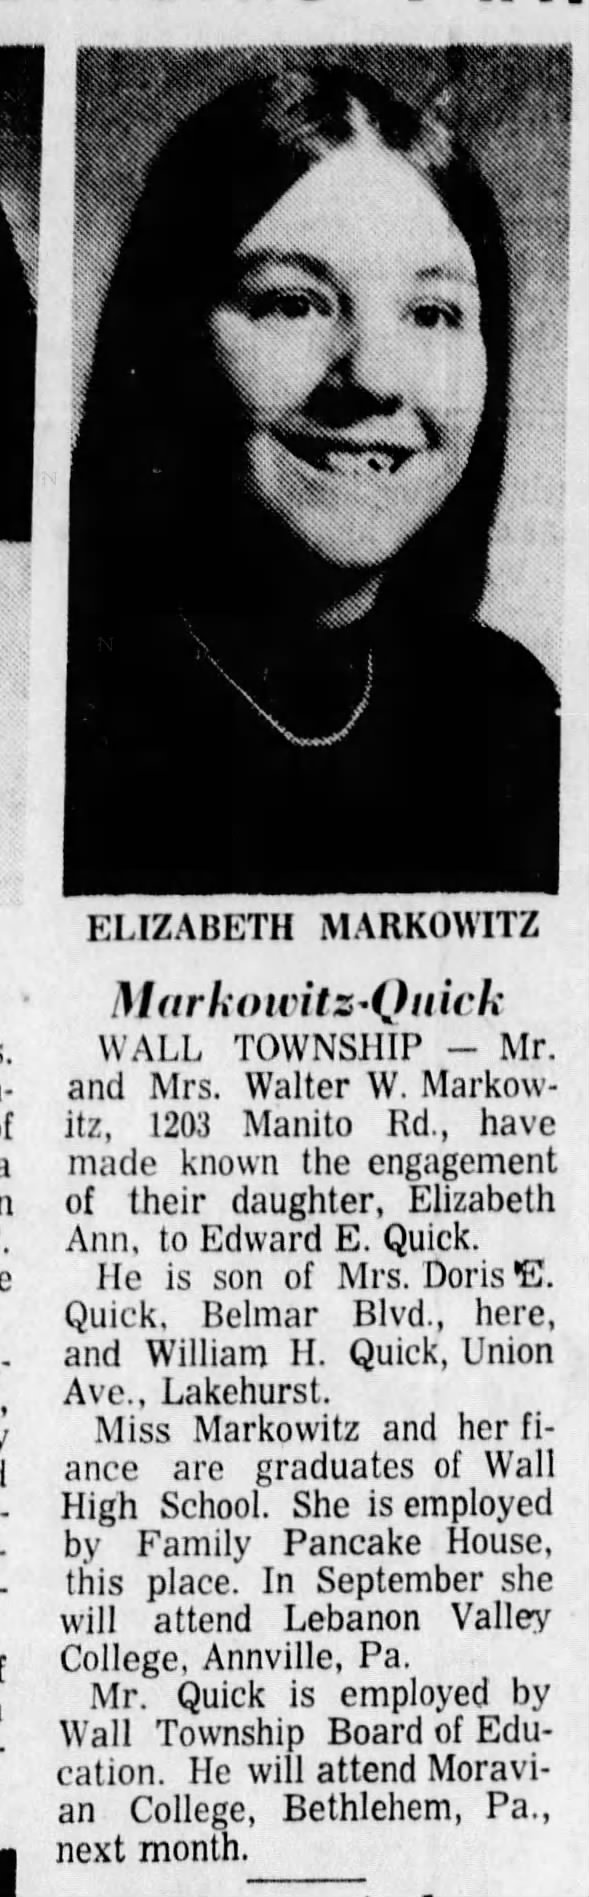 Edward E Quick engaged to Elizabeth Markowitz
--*--
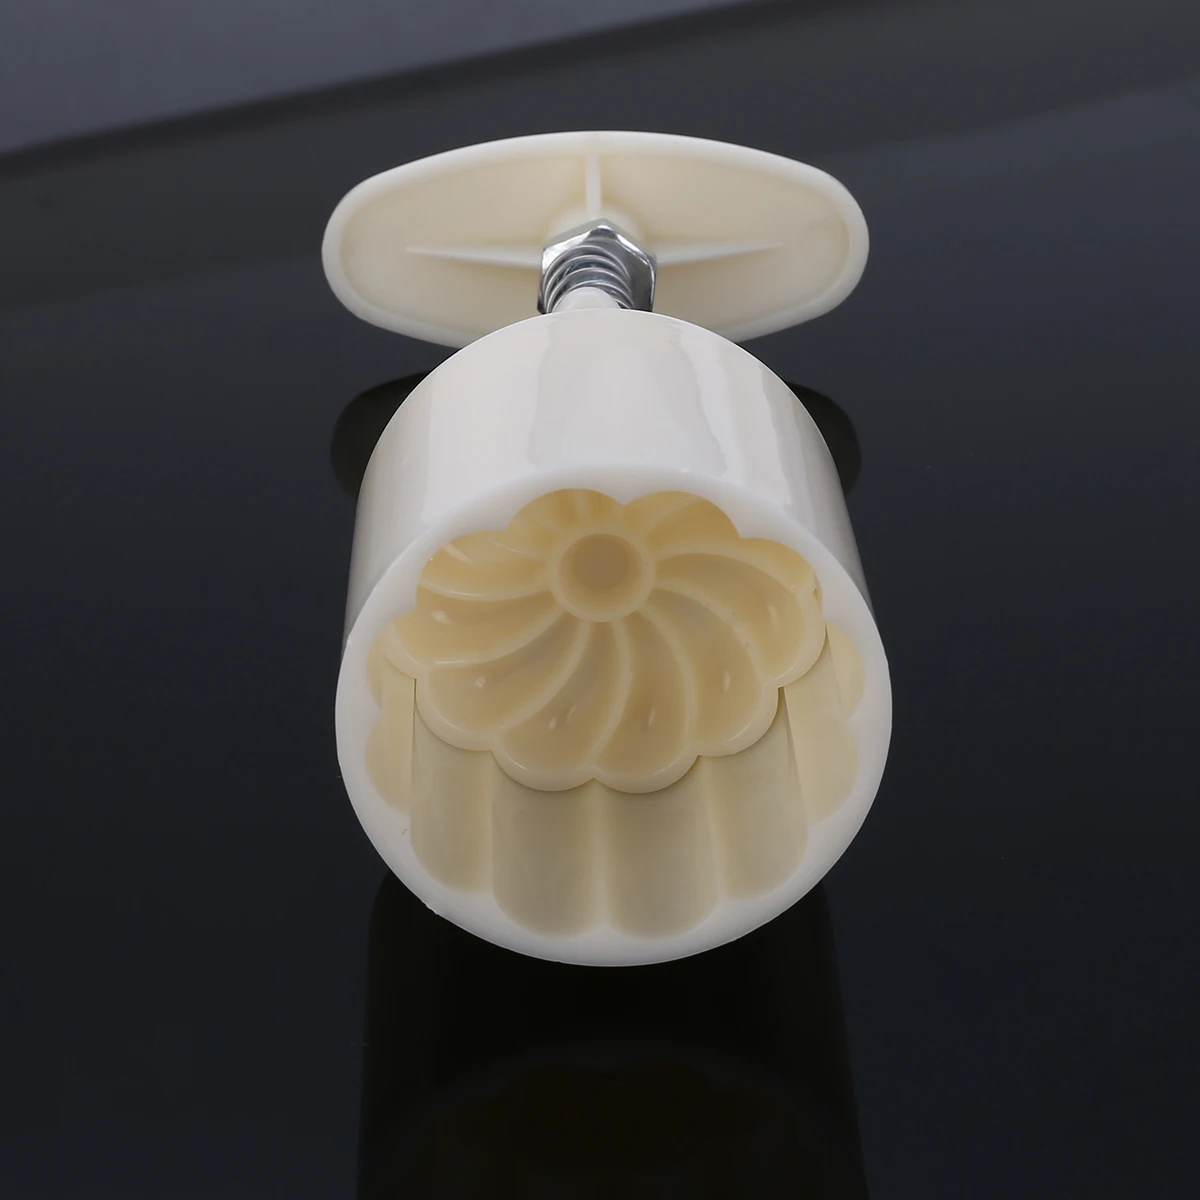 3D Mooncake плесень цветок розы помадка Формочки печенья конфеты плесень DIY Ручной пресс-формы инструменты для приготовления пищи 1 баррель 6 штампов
--*--
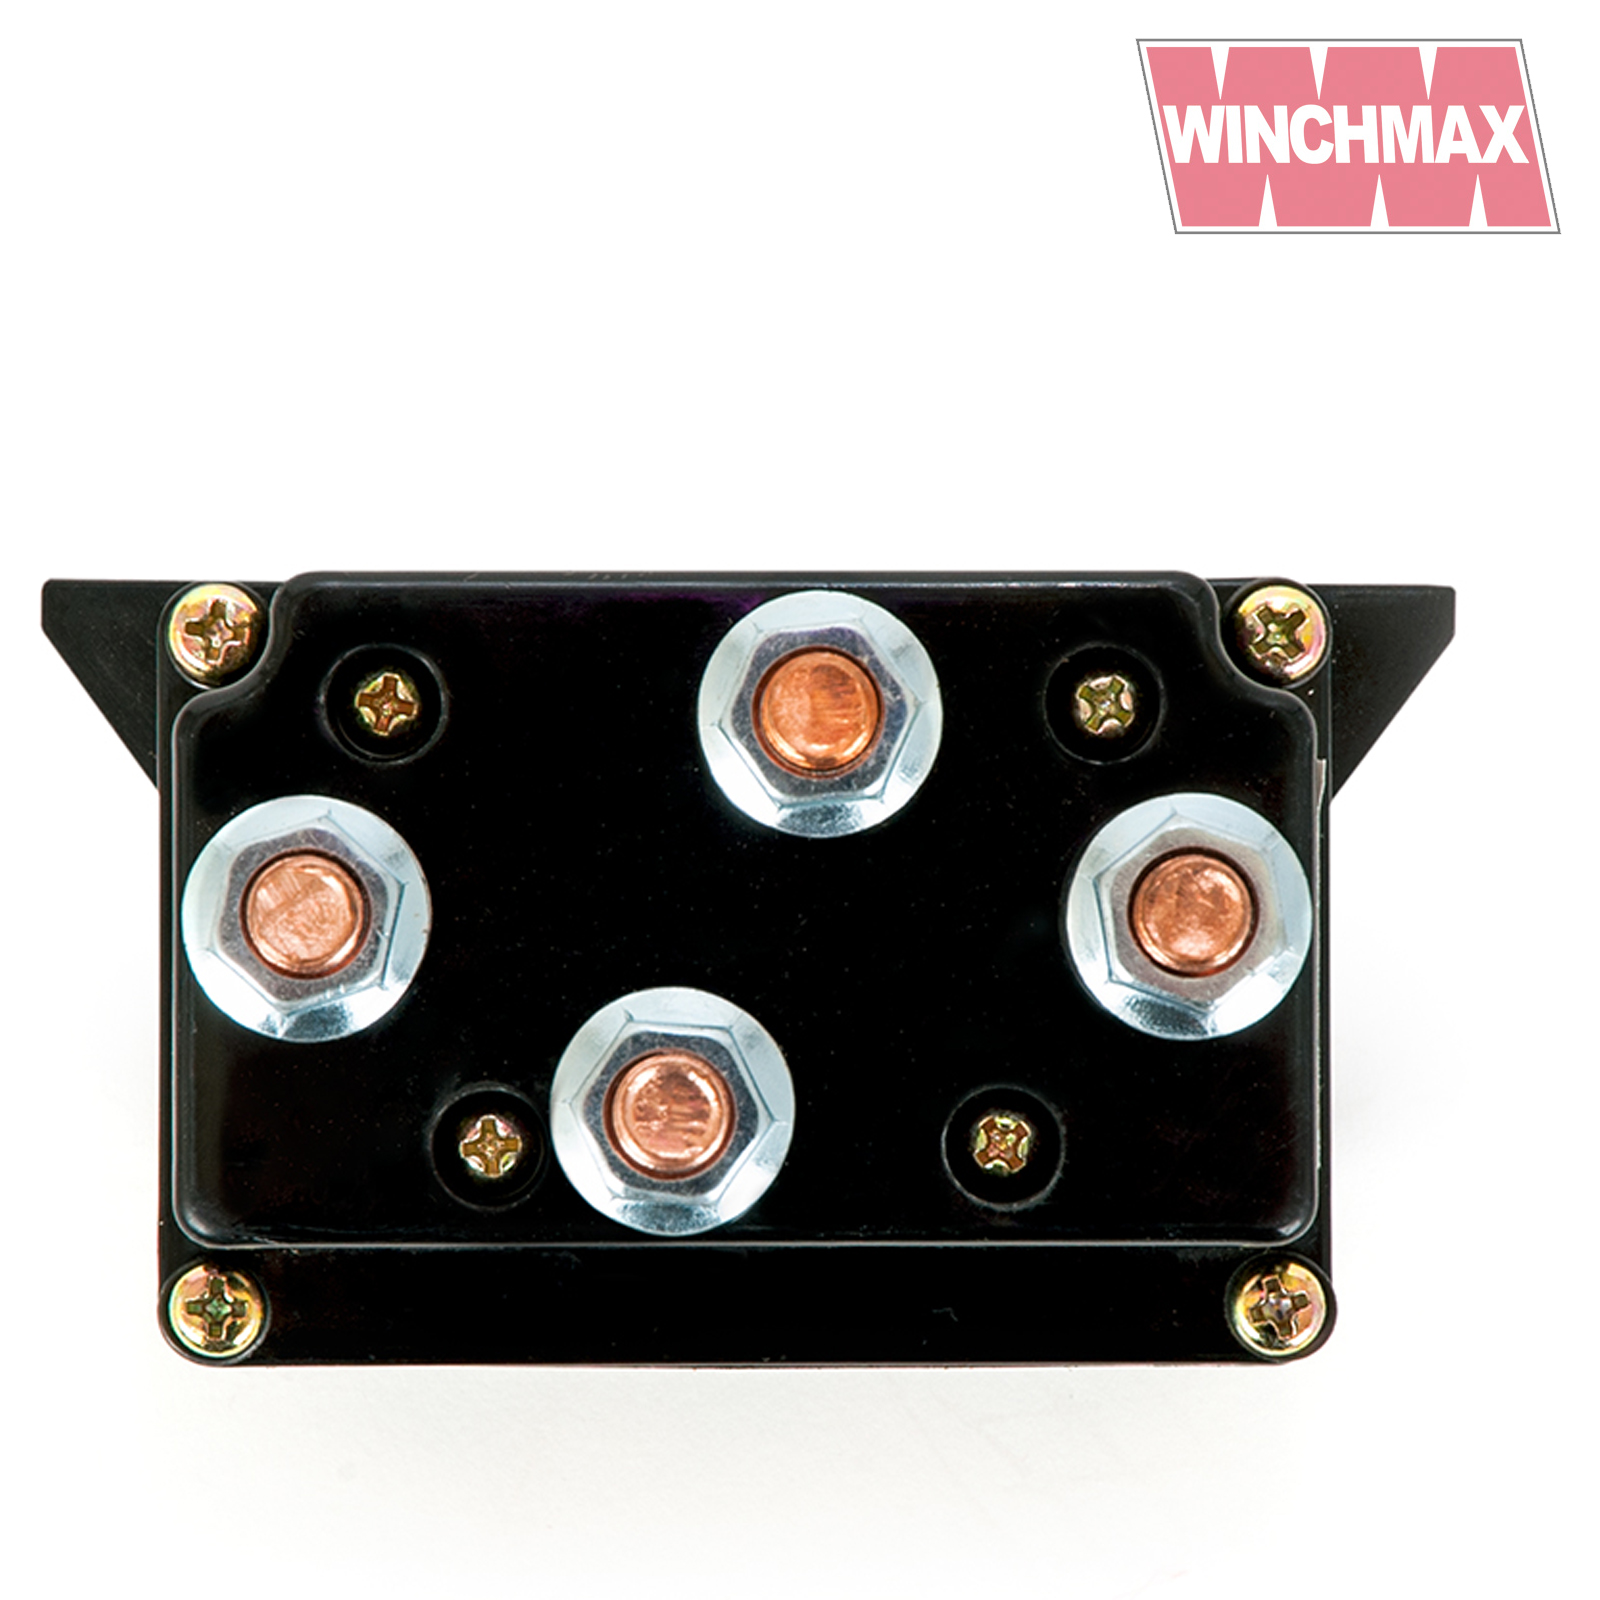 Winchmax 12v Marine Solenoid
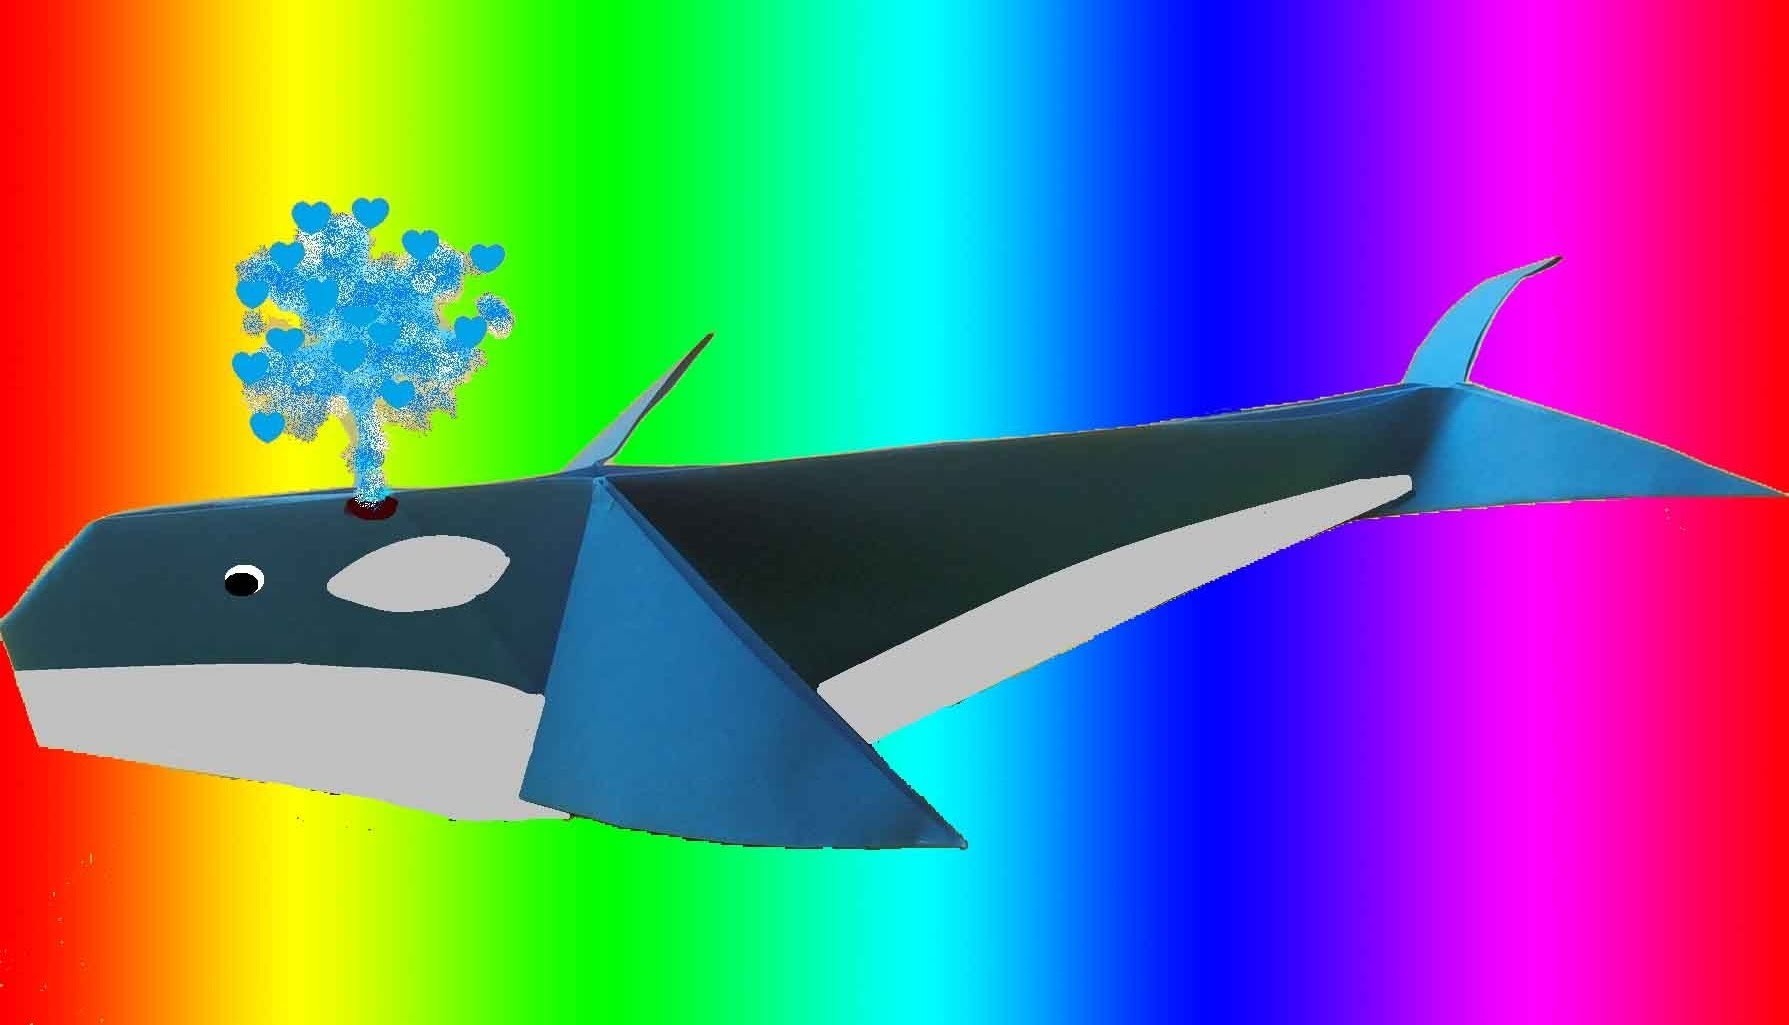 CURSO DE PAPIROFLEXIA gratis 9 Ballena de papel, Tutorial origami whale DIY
--*--
● Problem to work on
Leave out every picture, and copy exactly the lines above starting at the one holding "Winchmax 12v Marine Solenoid" and ending at the one holding "CURSO DE PAPIROFLEXIA", no more and no less.

● Result
 Winchmax 12v Marine Solenoid
 CURSO DE PAPIROFLEXIA gratis 9 Ballena de papel, Tutorial origami whale DIY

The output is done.